Microarray Data: A panel of 336 Affymetrix HGU95Av2 GeneChip arrays probing B cells under different conditions can be accessed from the Gene Expression Omnibus database at http://www.ncbi.nlm.nih.gov/geo/ by querying for GEO accession GSE2350. Files with MAS5 normalized data in matrix format can be downloaded by clicking on the “Series Matrix File(s)” link near the bottom of the page. Note that there are two files (GSE2350_series_matrix-1.txt.gz with 255 chips and GSE2350_series_matrix-2.txt.gz with 81 chips) that must be joined together to utilize the entire dataset. In each file, the data matrix begins after a series of header lines which begin with the character ‘!’. In the first line, the entries after “ID_REF” are column headers listing the name of each sample. All succeeding lines (until the last one) contain a probe set ID followed by a series of numbers corresponding to the MAS5 normalized intensity values for this probe set and the corresponding sample listed on the column header. The file is terminated by the line “!series_matrix_table_end”. Alternatively, raw data in .cel format can be downloaded by clicking on the GSE2350_RAW.tar link. This data can then be normalized using the method of your choice.

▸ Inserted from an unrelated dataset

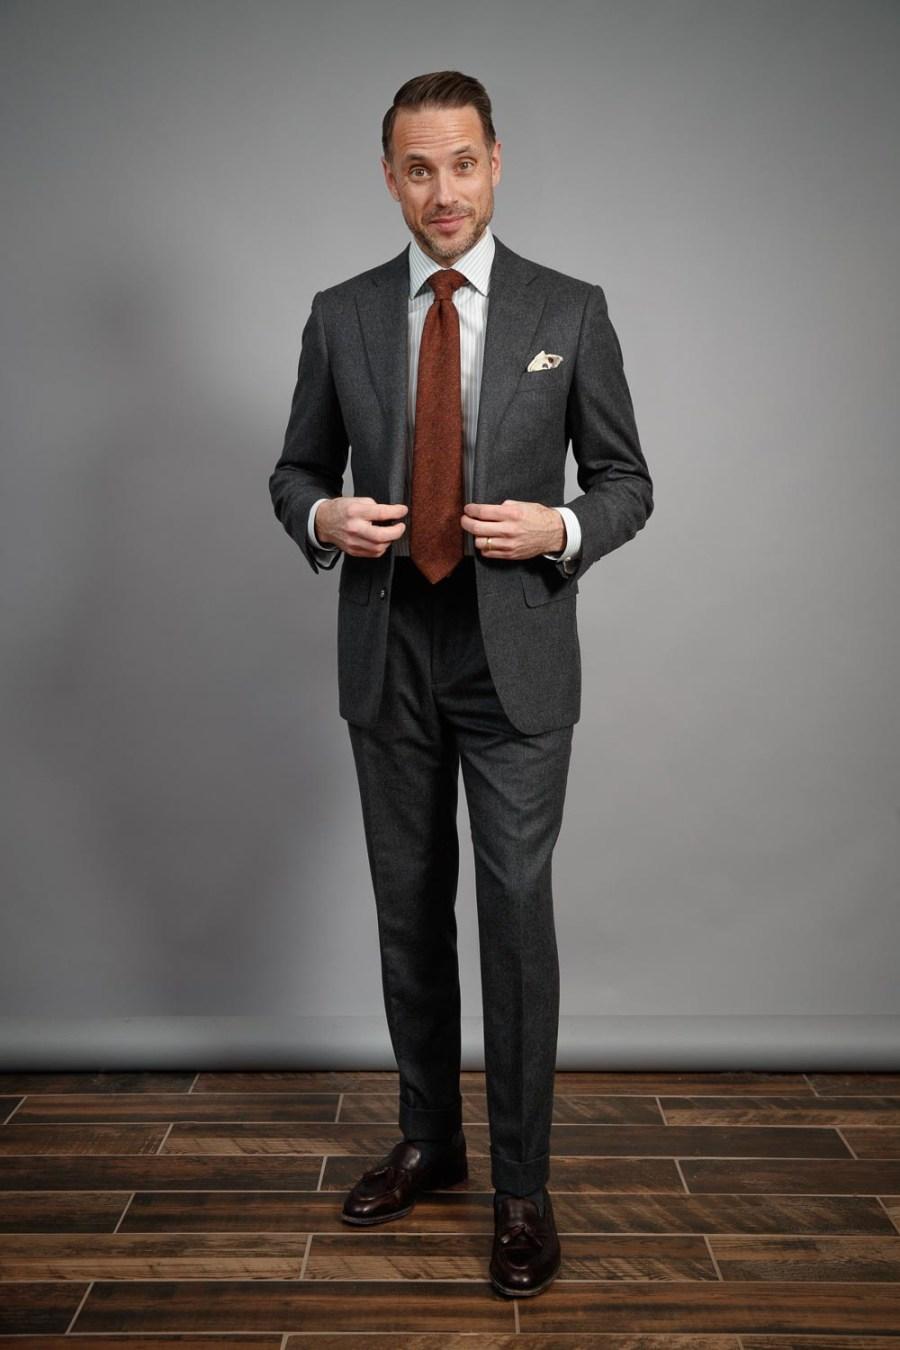 five-ways-to-wear-grey-flannel-suit-for-men-rust-tie-white-shirt-tassel-loafers-2021

Useful Information: In the HGU95Av2 GeneChip, BCL6 (Entrez GeneID 604) is represented by three probe sets: 40091_at//978_at//979_g_at.
Submission Information
Submit a ranked list of genes, ordered according to the confidence you assign to your prediction that a gene is a true BCL6 transcriptional target, from the most reliable (first row) to the least reliable (last row) prediction. Use a tab-separated 2 column format as in the example below:
- nnn \tab XYZ
where nnn is one of the Entrez GeneID identifiers in the file BCL6_targets_and_decoys.xls, and XYZ is a score between 0 and 1 that indicates the confidence level you assign to the prediction that a gene is a true BCL6 transcriptional target. (E.g., XYZ=1 if the gene is deemed to be a target with highest confidence and XYZ = 0 if a gene is deemed not to to be a target.) All genes omitted from the list but that belong to the gold standard positive and gold standard negative sets will be considered to appear randomly ordered at the end of the list with XYZ = 0. Save your prediction file as unformatted text, and name it:
- TeamName_BCL6targets.txt
where TeamName is the name of the team with which you registered for the challenge.
Scoring Metrics
We will score the results using the area under the precision versus recall curve for the whole set of predictions. For the first k predictions (ranked by score, and for predictions with the same score, taken in the order they were submitted in the prediction file), precision is defined as the fraction of correct gold standard positive predictions to k, and recall is the proportion of correct gold standard positive predictions out of all the possible gold standard positive targets. Other metrics such as precision at 1%, 10%, 50%, and 80% recall, and the area under the ROC curve will also be evaluated.